Une étudiante de l’EPFL a montré la possibilité de davantage automatiser le processus de recensement du territoire suisse en utilisant l’intelligence artificielle dans le cadre de paysages rares et complexes jusqu’ici classés manuellement. Une partie du canton du Valais a servi de cas d’étude pour son travail de master.
La cartographie régulière du territoire suisse permet de comprendre l’évolution de l’urbanisation, de contrôler la perméabilité des sols et de lutter contre le mitage du territoire. Ce recensement ne peut être effectué que tous les six ans, car le classement des photos aériennes prises tous les trois ans de toute la Suisse en une quarantaine de catégories s’effectue en grande partie manuellement. Pour accélérer ce processus, l’Office fédéral de la statistique (OFS) a recourt déjà partiellement à l’intelligence artificielle (IA) à travers l’Arealstatistik Deep Learning (ADELE), un outil très efficace pour distinguer les forêts, qui recouvrent un tiers de la Suisse, des autres territoires.
Dans le cadre de son projet de master en sciences et ingénierie de l’environnement à l’EPFL Valérie Zermatten a décidé de développer son propre outil de machine learning et de l’entraîner à reconnaître les territoires dits rares et complexes, à l’instar des rivières, lacs, campings, terrains de sports, cimetières, stations d’épuration, parcs publics, carrières, zones de chemin de fer, aéroports et barrages.
Diminuer la marge d’erreur
«Comme pour un être humain, il est plus difficile pour l’ordinateur de classer ces lieux dans la bonne catégorie, car nous avons moins d’images qui peuvent être utilisées pour lui apprendre à les reconnaître. A notre demande, l’algorithme va donc donner certain poids à certaines images, jusqu’à ce que la marge d’erreur diminue», explique la diplômée. Contrairement à l’outil ADELE de l’OFS, sa méthode a intégré dès le départ les images à infrarouge, en plus des photos couleurs, et l’altitude ce qui a permis à l’intelligence artificielle de distinguer ce qui était vert sans être du végétal ainsi que les surfaces sans végétation ni constructions. Ses résultats, proches des résultats officiels publiés par l’OFS sur une base de classement manuel, montrent l’intérêt de son approche pour un futur recensement du territoire. Le code source du programme d’IA est en libre accès.
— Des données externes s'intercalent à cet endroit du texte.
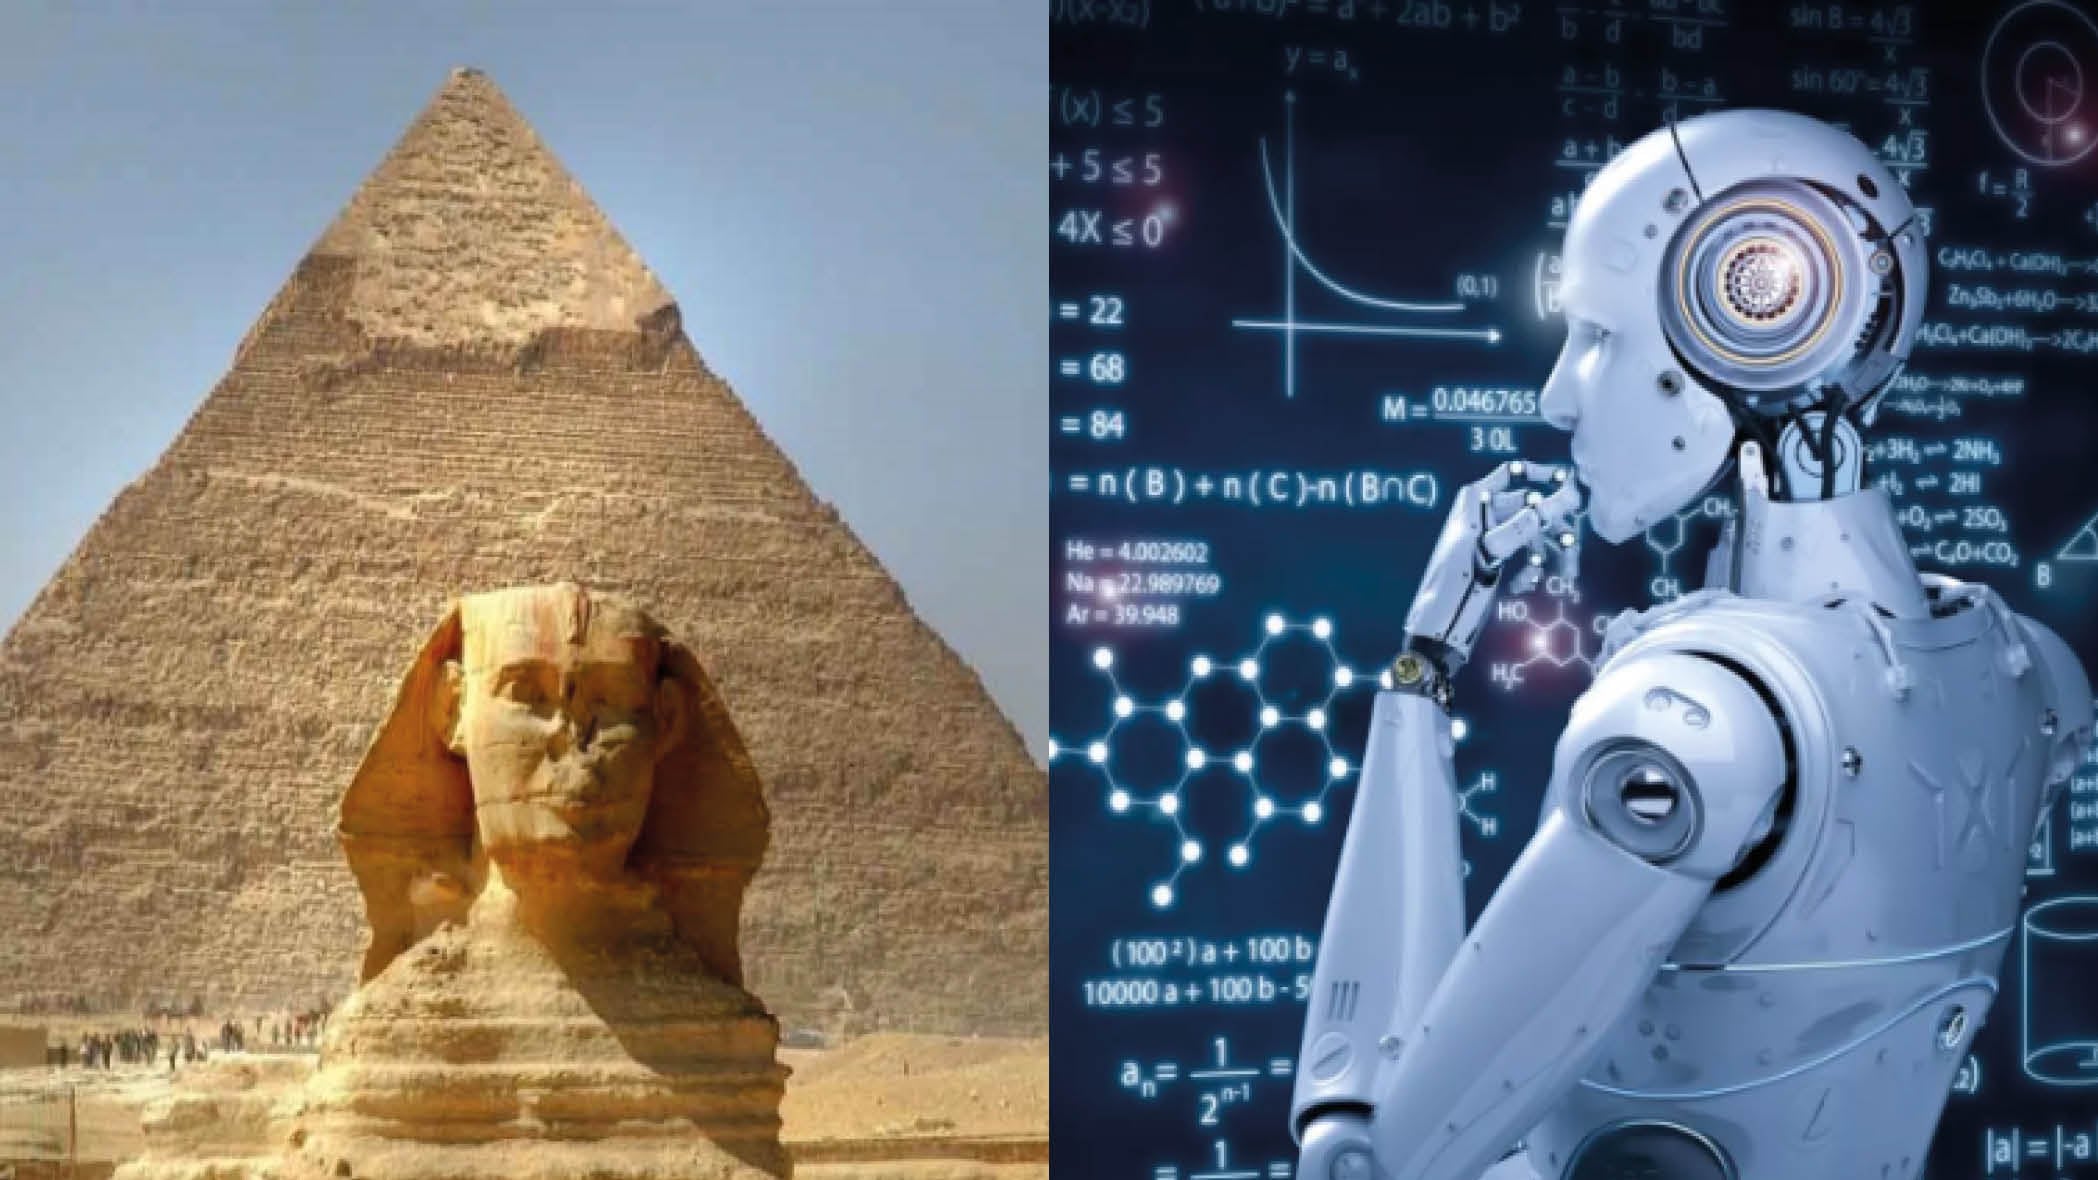 Así se vería el antiguo Egipto en la actualidad si nunca hubiera caído según la inteligencia artificial
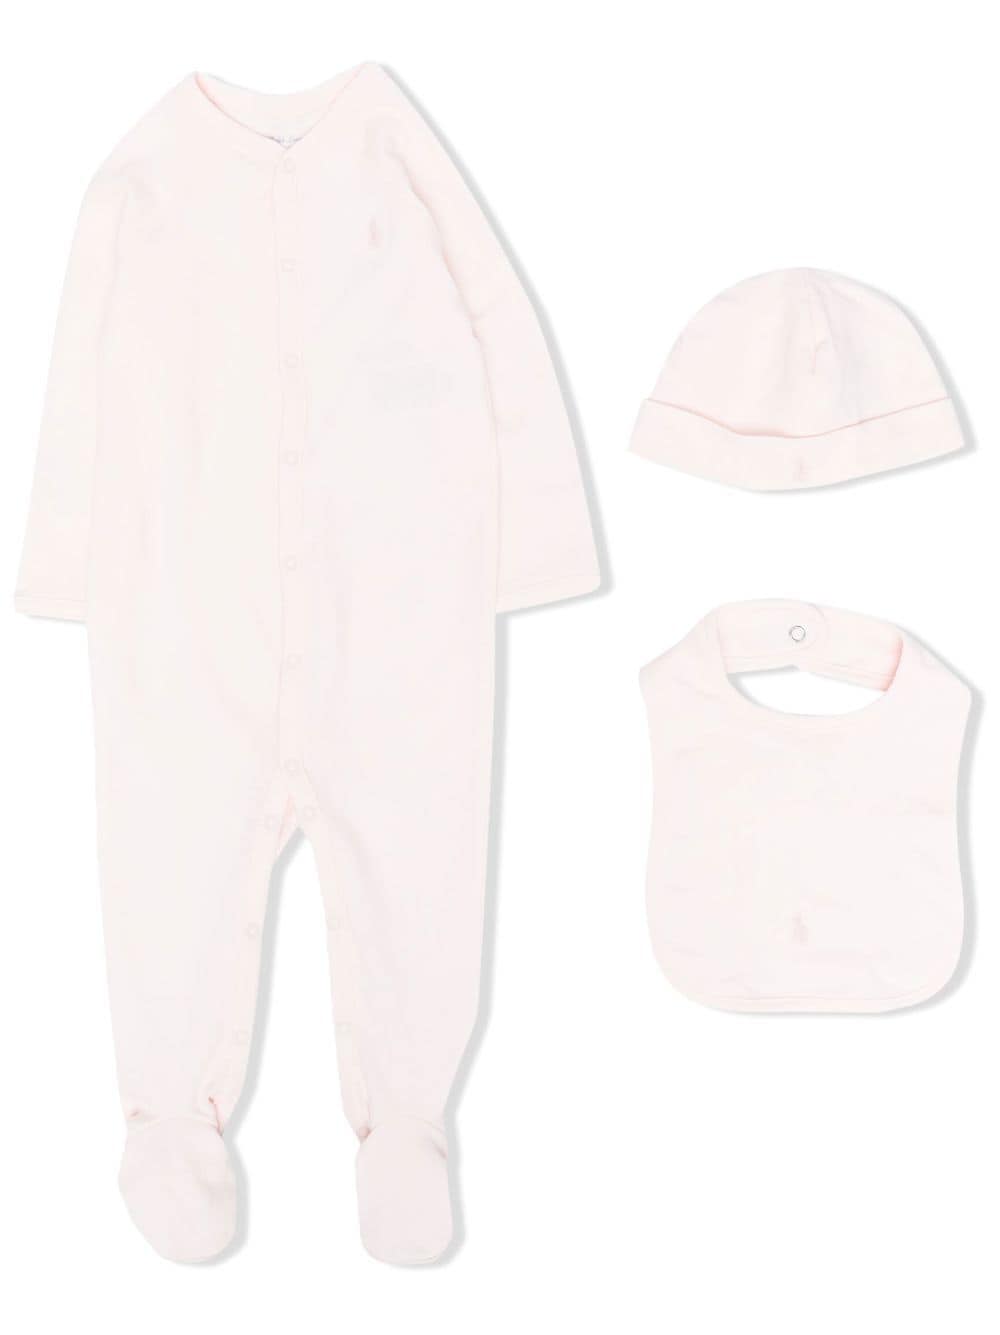 Ralph Lauren Kids & Baby Clothes

Le projet de master a pris comme cas d’étude une zone d’environ 600km2 du canton du Valais, le canton d’origine de la diplômée, allant de Chamoson à Sierre. Avec des images prises sur une surface totale de 10'000m2, l’ingénieure a travaillé sur un lot de 60'000 photos aériennes, comprenant à elles seules 3000 images de vignes. Les photos aériennes datent de 2020, mais les catégories du recensement utilisées de 2013-2018, car le classement des nouvelles images est encore en cours.
«Notre objectif n’est pas de remplacer l’être humain par l’intelligence artificielle»
«Notre objectif n’est pas de remplacer l’être humain par l’intelligence artificielle», explique d’emblée Devis Tuia, professeur associé à l’EPFL Valais Wallis et co-directeur du projet de master. «La solution apportée par le travail de Valérie Zermatten permettra de soulager le travail rébarbatif de l’être humain et de garder ses compétences lorsqu’elles dépassent celles de la machine». Et les compétencs humaines sont encore en grand nombre, selon le chercheur, notamment pour l’introduction de données secondaires, qui permettent par exemple de distinguer un immeuble d’habitation d’une école ou un terrain de foot d’un pâturage.